The Hole-in-the-Wall Gang
Great moments in building history: A dumb mistake
My daughter Carol and her husband, Dave, were very proud of their new home. But it wasn’t air conditioned, and they didn’t want to suffer through the hot, humid summer days and the following allergy season. Consequently, they purchased an air conditioner that required a through-the-wall mounting—not the customary window installation. Dave was an electrical engineer, but I had considerably more carpentry experience, so Carol called and asked if I would help Dave install the air conditioner. “Of course,” I replied, and we made arrangements to install it the following weekend.
This is a sore spot with my wife because she claims whenever my daughters call to have something fixed or built, or they need a helping hand for something, I drop everything and run right over. My wife says whenever she needs something done, my standard reply is, “I’ll check it out.” Six months later she says I am still “checking it out.” When I finally finish “checking it out,” I can’t get started until I purchase some new special tool to use.
Carol and Dave had determined where they wanted the air conditioner mounted in their bedroom wall. Dave and I measured the location from the nearest bedroom window and went outside, climbed up the ladders and transferred the measurement to the outside wall using the window as a reference point.

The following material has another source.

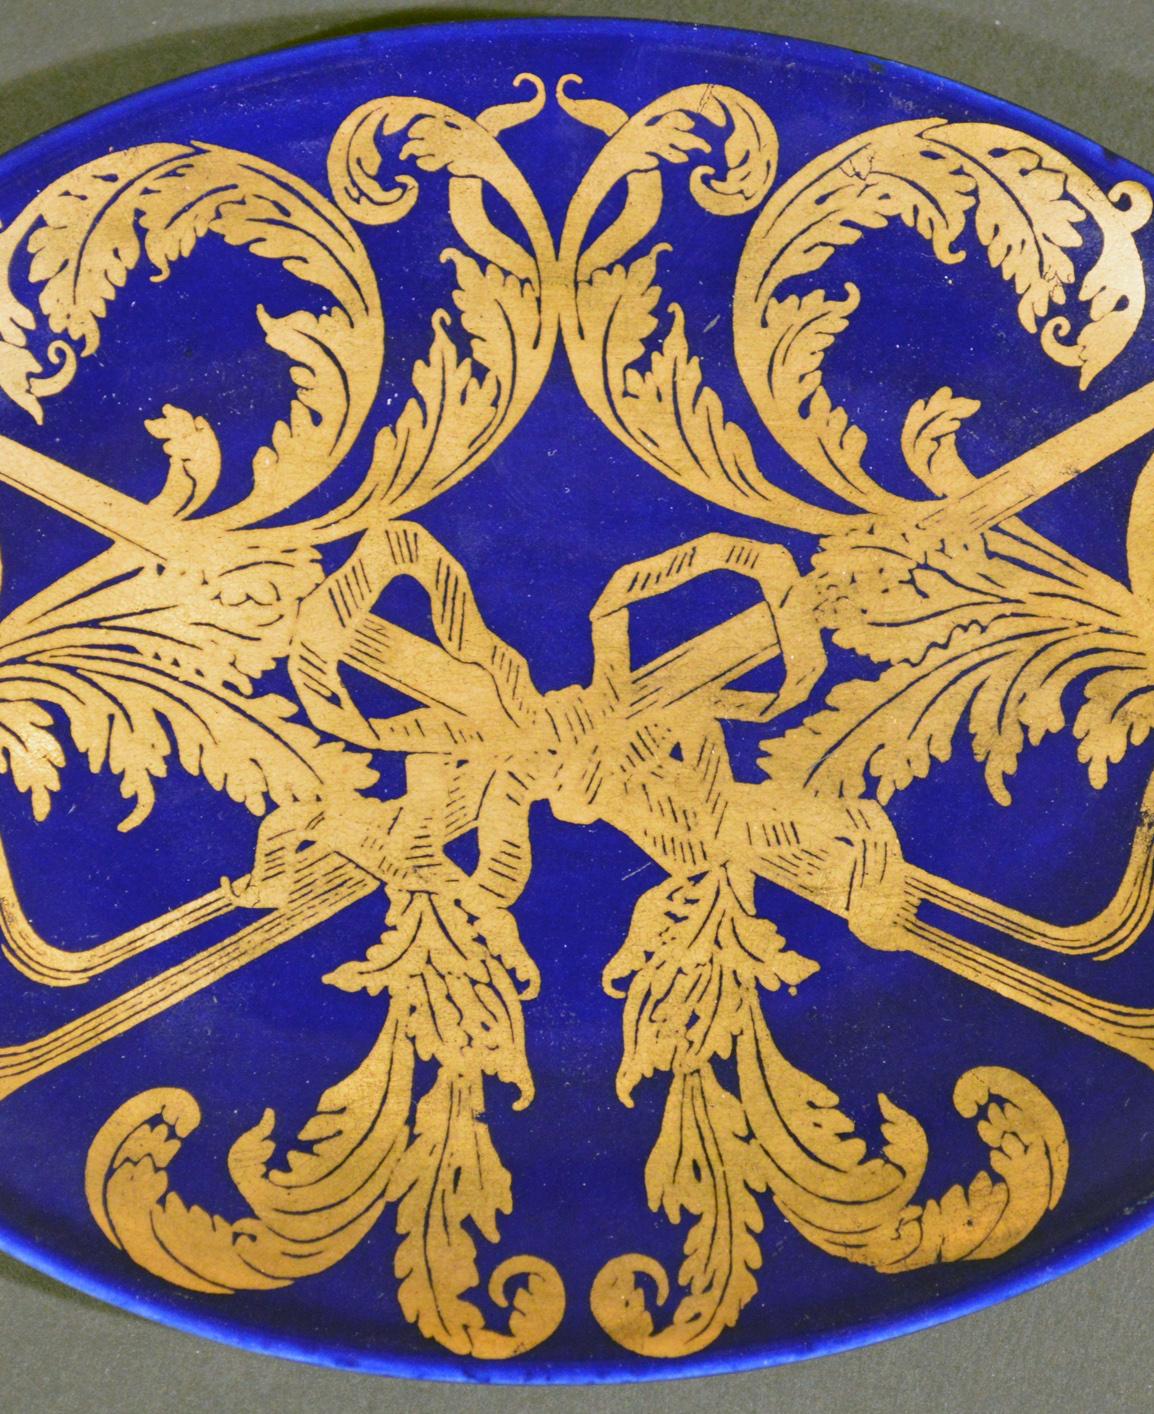 Die ovale Schale mit Pip-Motiv von Piero Fornasetti ist auf dunkelblauem Grund mit einem vergoldeten Muster aus zwei Pfeifen bemalt, die von Tabakblättern umrankt und mit einem Band in der Mitte zusammengebunden sind.

Referenz: Fornasetti: The

I cut the hole with a sabersaw after determining stud locations. I made the hole smaller than required so that the air conditioner could be positioned from the inside for the best results. I removed insulation that was in the way, then I angled the sabersaw through the inside wall and made a short sawcut so that we could make any adjustments using the reference point inside and outside.
I told Dave to go inside, then I pushed the sawblade through. I shouted, “Do you see it?” No reply, so I shouted louder, “Dave, do you see it yet?” No answer. “Dave, are you O.K.?”
Suddenly, I heard a low, agonizing gasp through the hole in the wall. “Oh my God! No!”
Dave poked his head out the window and exclaimed, “We’re in the wrong room! We’re in the bathroom, not the bedroom!” We measured from the wrong window outside!
Dave looked at me, and I looked at him. How could we be so dumb? We couldn’t help it—we both started laughing.
I suggested we patch up the hole before Carol saw it. But she heard us laughing and came out to see what was going on. She heard the story and our feeble excuses, took one look, exclaimed, “Fix it!” and then stormed away.
Of course Carol had to tell her mother, who then showed up, took one look at me and said, “It isn’t easy to be that dumb, is it?” Then she went inside to sympathize with our daughter.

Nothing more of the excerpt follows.